The Michelangelo Phenomenon

Bringing Out the Best in One Another

“Because of you, I can feel myself slowly but surely
becoming the me I have always dreamed of being.”

- Tyler Knott Gregson
 

Although we may read the quote above and think it’s something only felt between the two main characters of a romance film, research has actually found this to be a true experience known as the Michelangelo Phenomenon. This model suggests that close partners bring out the best in each other through a process of promoting one another’s ideal self goals, sculpting one another’s selves and shaping one another into the best versions of themselves (Rusbult, Finkel, Kumashiro, 2009).

The fact is that we all have ideal selves, selves that embody dreams, aspirations, and characteristics we wish to acquire. In fact, it is these ideal selves that give us direction and propel our desire to grow in order to reach our potential and become who we have always dreamed of being (Rusbult et al., 2009). The process of reaching our aspirations is very relational in nature; in other words, interpersonal experiences and relationships support us in shaping ourselves such that we interact with others in ways that respond to our needs and expectations. Furthermore, when we affirm one another and move toward our ideal selves, evidence suggests that we experience greater levels of well-being, life satisfaction, and even psychological health. Additionally, with an ally in the process, we also experience greater levels of partner well-being, adjustment, and persistence.

Although the Michelangelo Phenomenon is most often associated with close partners, it can also be seen in the context of workplace relationships. Knowing that “growth striving is a primary human motive,” it is safe to say that even within the workplace, we are striving to grow, develop, and reach an ideal self - whether through acquiring a new skill-set or getting promoted to the C-suite level of the organization (Rusbult et al., 2009, p. 306). In this way, whether we’re CEOs, managers, subordinates, or teammates, there will always be an ideal we’re striving to achieve and someone who can support us in the process. At the same time, the person providing the support will also be striving for an ideal of their own.
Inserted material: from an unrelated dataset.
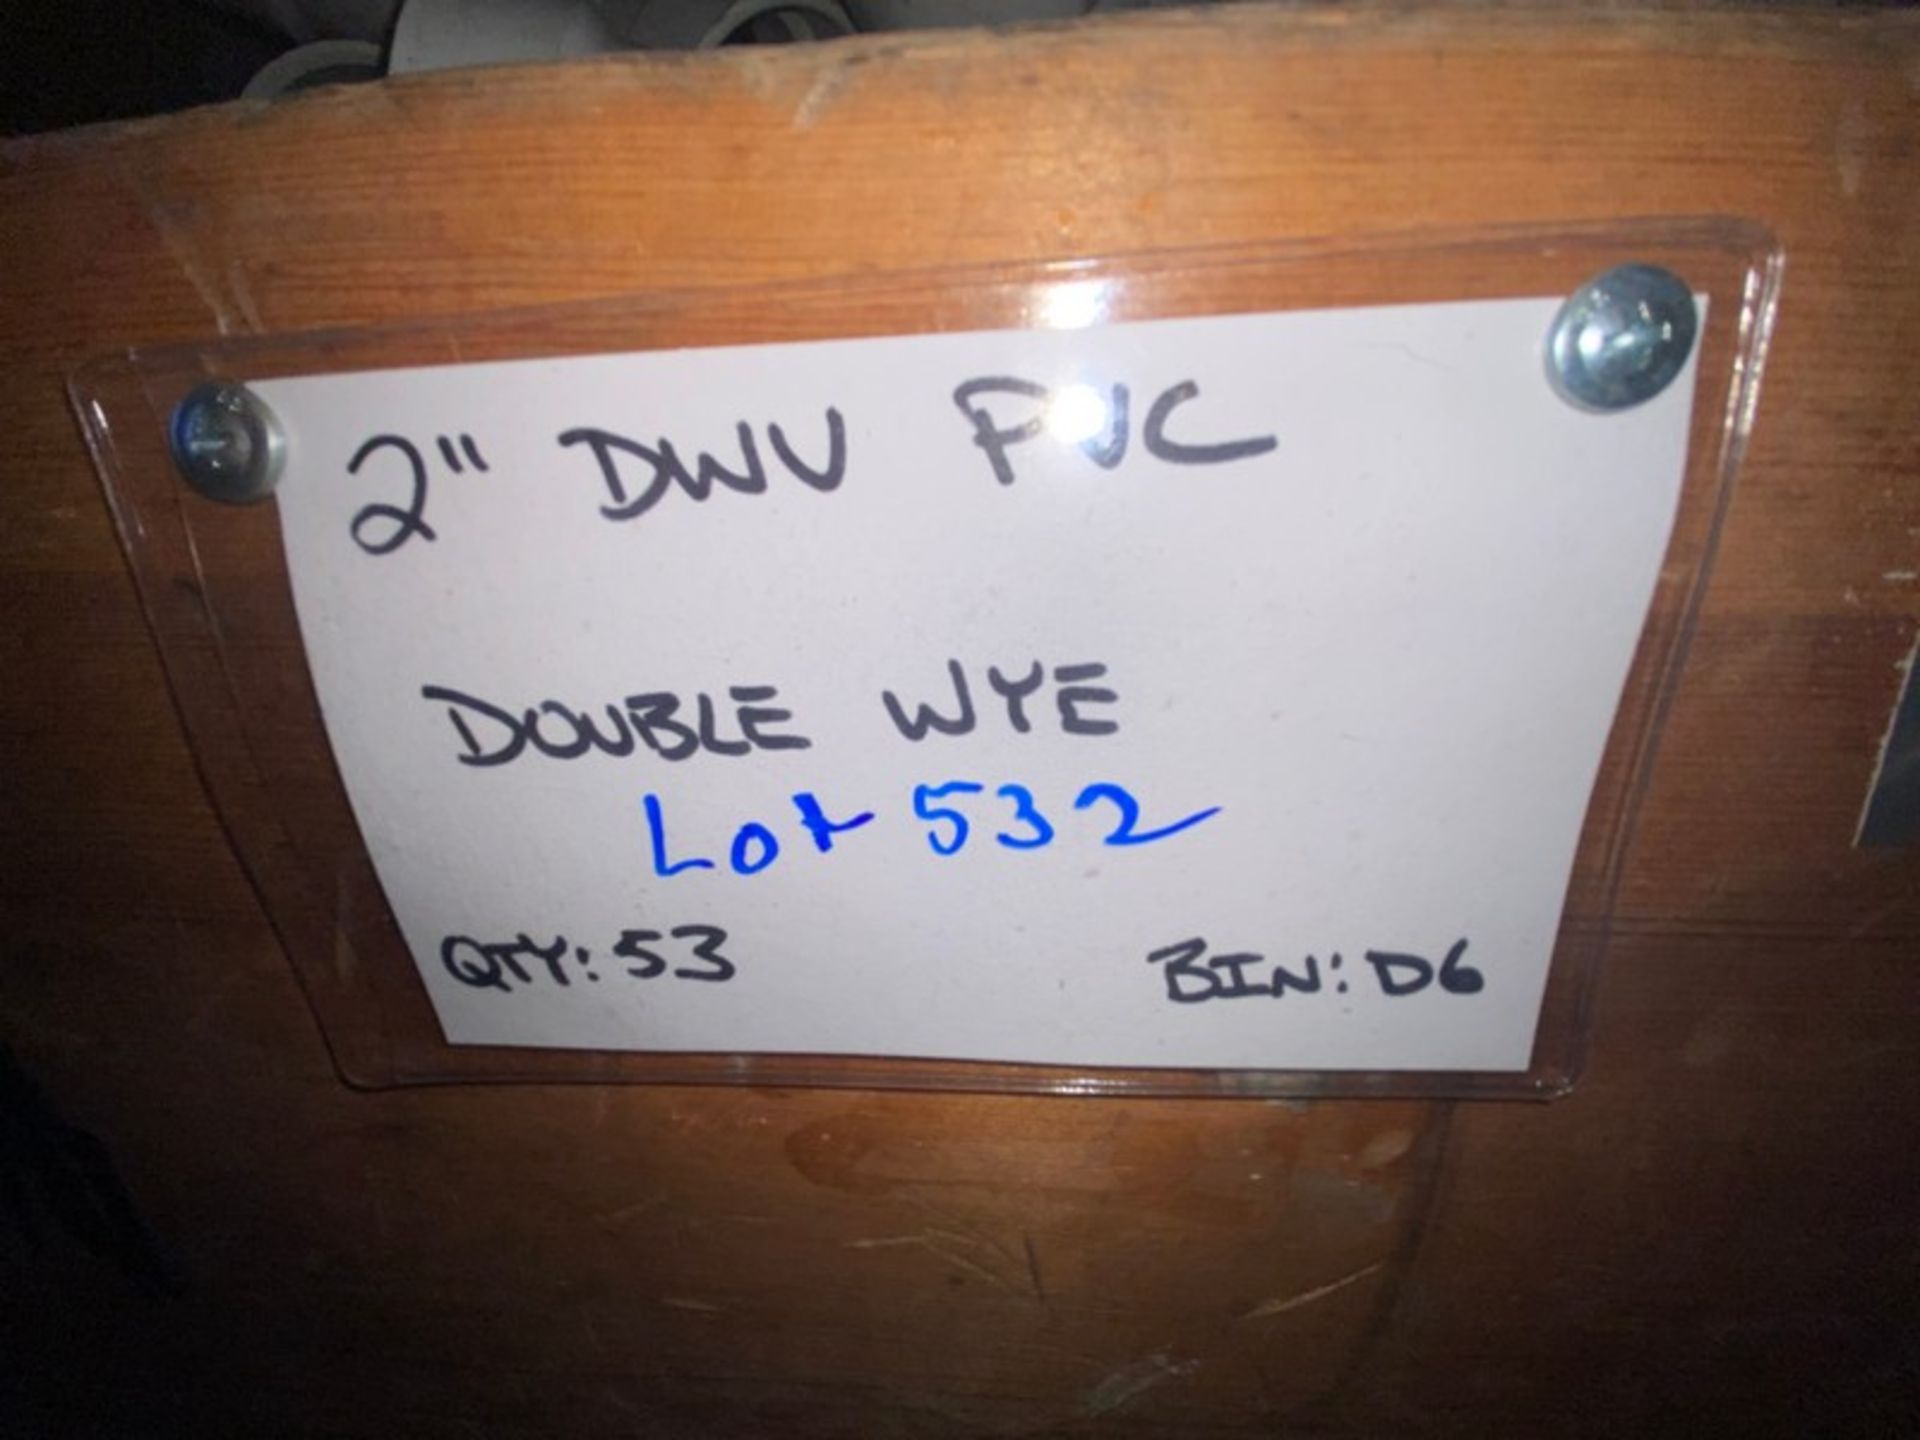 (53) 2” DWV PVC DOUBLE WYE (Bin:D6) (LOCATED IN MONROEVILLE, PA) - Image 4 of 4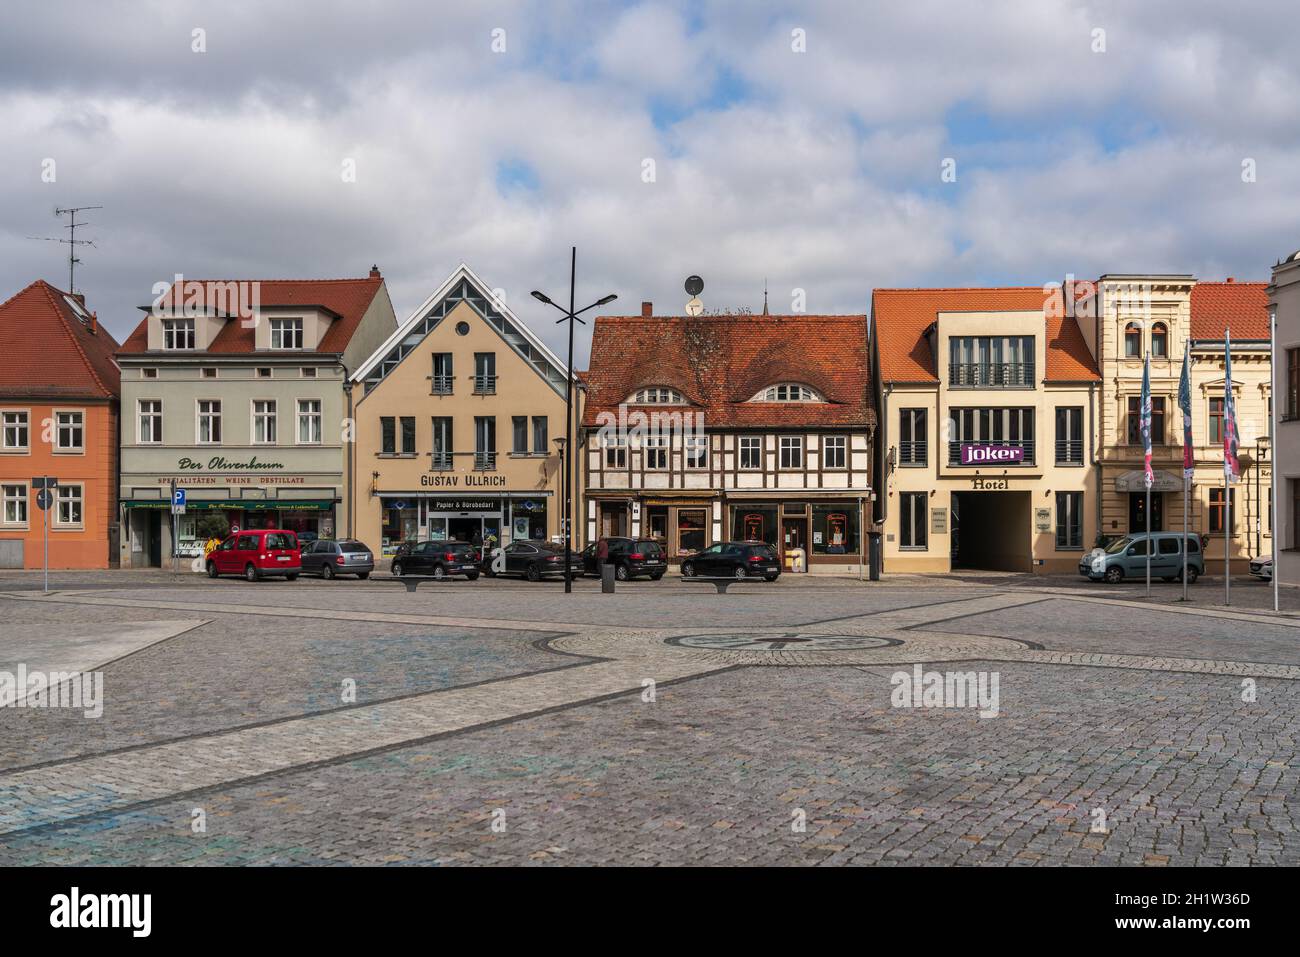 STENDAL, GERMANY - APRIL 24, 2021: Houses and buildings on the streets in the old town. Hansestadt Stendal is a medieval town in Saxony-Anhalt state. Stock Photo

According to the Michelangelo Phenomenon, the process of achieving our goals and becoming our best selves can be optimized through the relationships we have at work with others.

So, what can you do to bring the Michelangelo Phenomenon to life?

  • First, think of someone with whom you have a positive relationship characterized by frequent interactions, trust, mutual dependency, and benevolence. You must understand not only each other's’ ideal selves and goal pursuits, but also each other's’ current selves, comprised of strengths and weaknesses.
  • Second, have a conversation about what possibilities are present, where you each see room for growth for yourselves and each other, and what pathways are present to reaching your ideal selves. This requires each of you to be open to giving and receiving feedback.
  • Third, affirm each other’s ideal selves by recognizing progress in goal achievement while also verifying each other’s actual selves and understanding what current characteristics each of you possesses that can be used to achieve your ideal self goals (Rusbult et al., 2009).

A professor once told me that as a manager, the most important conversation you can have with your employee is one in which you discuss what job they want next. As shocking as this thought initially was, I think it brings the Michelangelo Phenomenon to life by acknowledging the importance of knowing what the people around you are striving to achieve, who they are aspiring to be, and how you can support them in becoming who they’ve always dreamed of becoming. This not only shows your care and concern for the other person, but also shows that you are willing to provide opportunities for growth and development that each of us innately seek.

 

References

Rusbult, C. E., Finkel, E. J., & Kumashiro, M. (2009). The michelangelo phenomenon. Current Directions in Psychological Science, 18(6), 305-309.